Regia di Paolo Martino vedi scheda film
Menzione speciale nella manifestazione appena conclusa “Sole Luna Treviso Doc Film Festival, un ponte tra le culture”2015, evento ormai decennale che unisce Palermo e Treviso in una importante selezione di documentari da tutto il mondo (www.solelunadoc.org) , Terra di transito mette in scena lo spaesamento geografico ed esistenziale di Rahell, giovane di etnia curda fuggito bambino in Siria dall’Iraq e quindi fortunosamente approdato di recente in Italia, a Roma.
Rahell vorrebbe trasferirsi in Svezia dove vive parte di una grande famiglia a cui è molto legato, insediata lì negli anni ’90 dopo la fuga da guerra e bombe chimiche.
Purtroppo, come tanti, è bloccato in Italia dalle norme del regolamento di Dublino che locostringono a rimanere nel primo Paese che l’ha schedato,prendendogli le impronte digitali e dandogli un passaporto praticamente inutile.
Nell’amara ironia del titolo, la terra di transito diventa la trappola in cui si è obbligati a vivere in condizioni di totale precarietà, senza lavoro, né famiglia, nè futuro.
Partito come reportage documentario, con panoramiche fredde, orizzontali, sul profilo straniante della città e squarci su banlieu degradate di plumbea desolazione, Terra di transito si fa subito sguardo che tallona Rahell, assegnandogli il compito di fornire il quadro reale di disoccupazione, alienazione e assenza di prospettive che segnano il sottobosco urbano di immigrati schedati e lasciati in un’ attesa senza fine.
Con una selezione di eventi liberi da compiti strettamente narrativi e un montaggio che re-interpreta la realtà esaltando il valore dello sguardo e il potere dell’inquadratura, Martino realizza un film-verità che del documentario ha tutte le peculiarità, ma è anche ibridazione di generi, racconto originale, punto di vista sul mondo.
Rahell è figura reale che percepiamo subito come emergente rispetto alla media degli immigrati che condividono la sua stessa sorte. Dotato di buona dialettica, capacità di riflessione e consapevolezza non peregrina dei suoi diritti, la sua è una piccola storia personale di cui è voce narrante, ma è anche rappresentativa di una condizione umana nei suoi aspetti più problematici.

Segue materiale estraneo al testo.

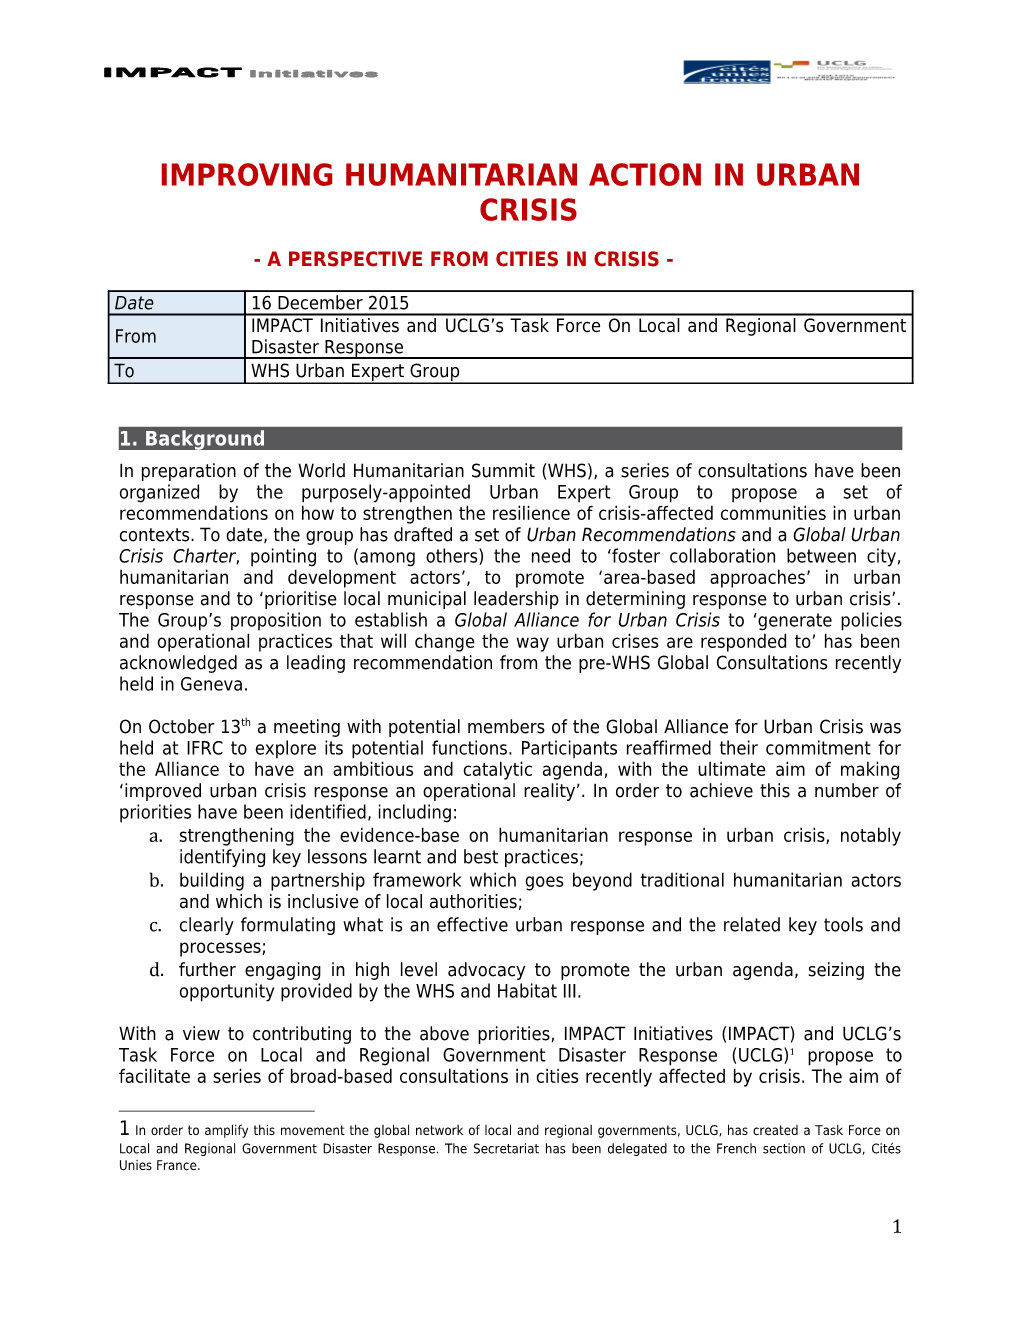 IMPROVING HUMANITARIAN Action in URBAN CRISIS

Ritratto alienante e disadorno di una marginalità che schiva l’impatto emotivo facile e realizza complicità empatica nello sguardo dolente sul mondo, Terra di transito fa del linguaggio filmico il luogo della denuncia e della coscienza critica, dello sguardo politico e della sommessa e incontenibile spinta alla vita, nonostante tutto.